Friday, January 20, 2012

Book Rambling: E-Books and Paper Books

I've been thinking a bit lately about my buying patterns when it comes to books. First off: I do have two e-readers (Kobo Vox and the older Kobo Wi-Fi), so I'm not adverse to e-books in any way, shape or form. And yet, I still buy far more actual paper books than e-books. What's more, sometimes it seems like I'll read those paper books first too.

Yes, I'll buy the paper books even though the e-books are often less expensive. Case in point: the book A Great And Terrible King: Edward I and The Forging Of Britain by Marc Morris. I will admit that I contemplated buying the e-book which was distinctly less expensive ($9.99 on Kindle, or 11.19 for the Kobo, compared with almost $24 for the hardcopy book on the website). Pre-Vox, I wouldn't even have considered the e-book, because I would have a harder time taking notes from it. Now, though, with the ability to highlight and take notes, that's less of an issue now.

But, for this book specifically, I went with paper, because I know of someone else who would probably like to read it.
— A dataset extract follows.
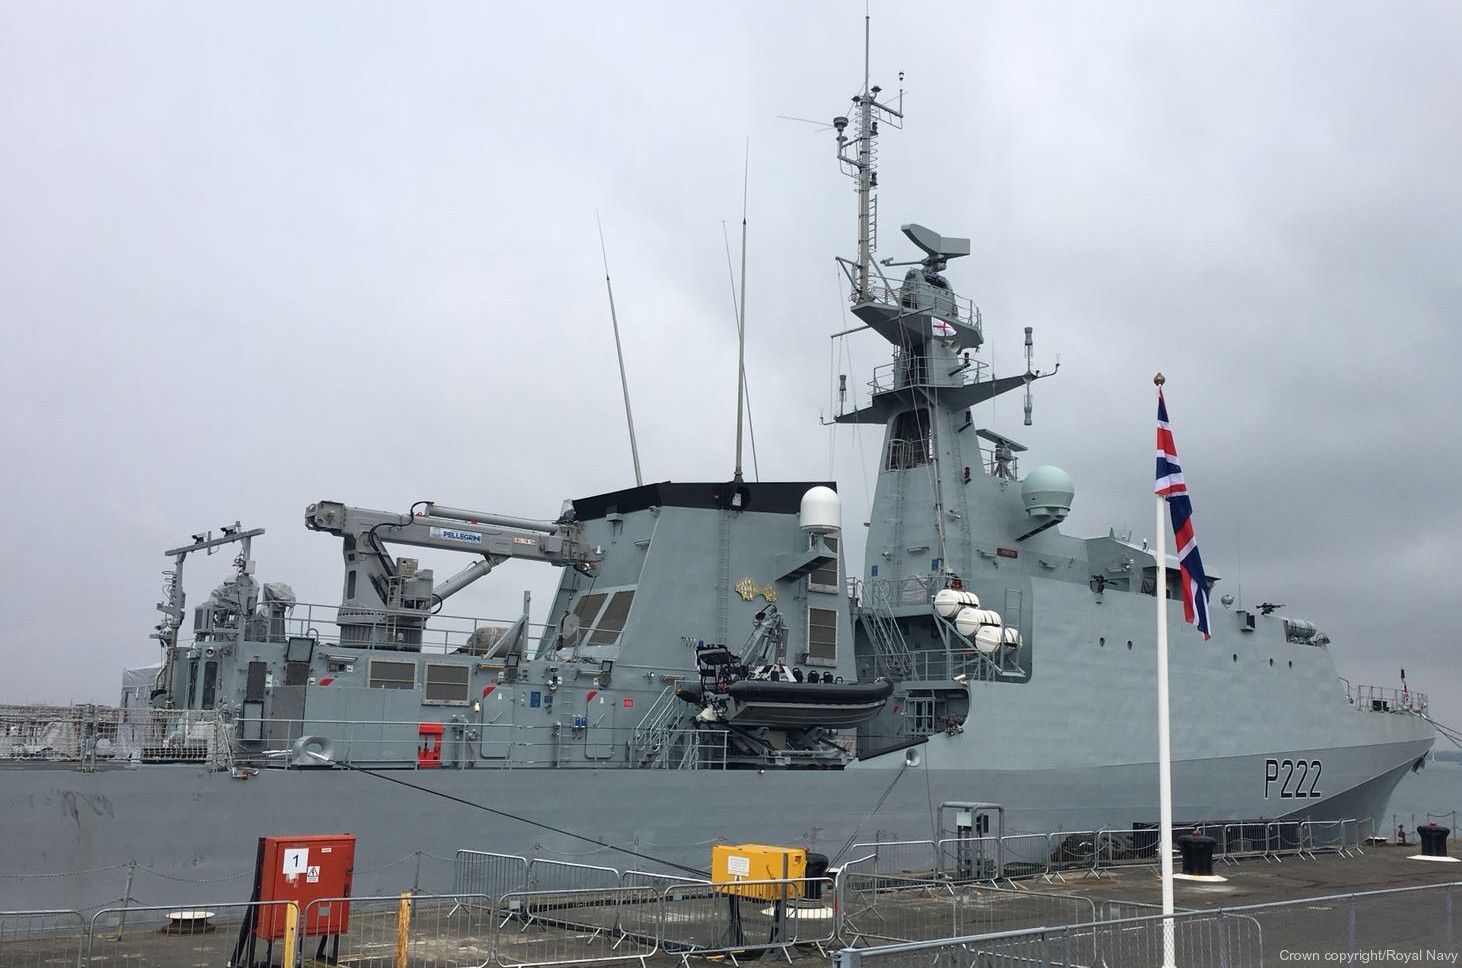 p222 hms forth river class offshore patrol vessel opv royal navy 17

And, I don't really want to loan out my e-reader (I'm usually reading a couple of things on there).

The other times I go for paper over e-books without even thinking about doing otherwise are when I already have the rest of the series in paper form (often even in hardcover format), such as with the novels by Mercedes Lackey, J.R. Ward, Patricia Briggs or Kylie Chan. Although, I will admit to duplicating the first of Kylie Chan's books (White Tiger) for the Kobo, as well as having it in paper. The price was too good.

Those are all the reasons I've gone for paper over e-books, so now to go the other way:
The book's just plain not available anywhere around in paper format (Stray by Rachel Vincent. It wasn't even in the local libraries).

Or, there's the e-book only cases: Ravens of Falkenau comes to mind there, Jo Graham's book of short stories. A lot of authors seem to have short stories available as e-books, which is another plus.

And, you can't forget all of the free e-books available. Be they limited time promotions or permanently free. I've found quite a few good ones now and again.

The biggest reason is, of course Travel. That's where the e-book readers really shine. Especially if you're a faster reader. It's ridiculous to take a stack of four or five books with you with the costs and restrictions on luggage. With the e-reader, that's all you need, along with maybe one book for the plane (for the times they ask you to power down the e-reader). Much less of a space requirement.

So, for me, I'm not ready to commit to one format over the other (and my ability to read e-books continues to expand, as I an now able to read kindle books on my e-reader, as well as Kobo.

What are your preferences for books? paper or e-books?


Anonymous said...

Good post. Like you I don't think that eBooks compete with paper books. They are just another delivery method to get the product to the consumer.

Of course, they could be a bit cheaper.

Unknown said...

Which is why for the real keepers I'm going to stick with paper. Besides, that way if there's something like a power outage, I can still read for a long time.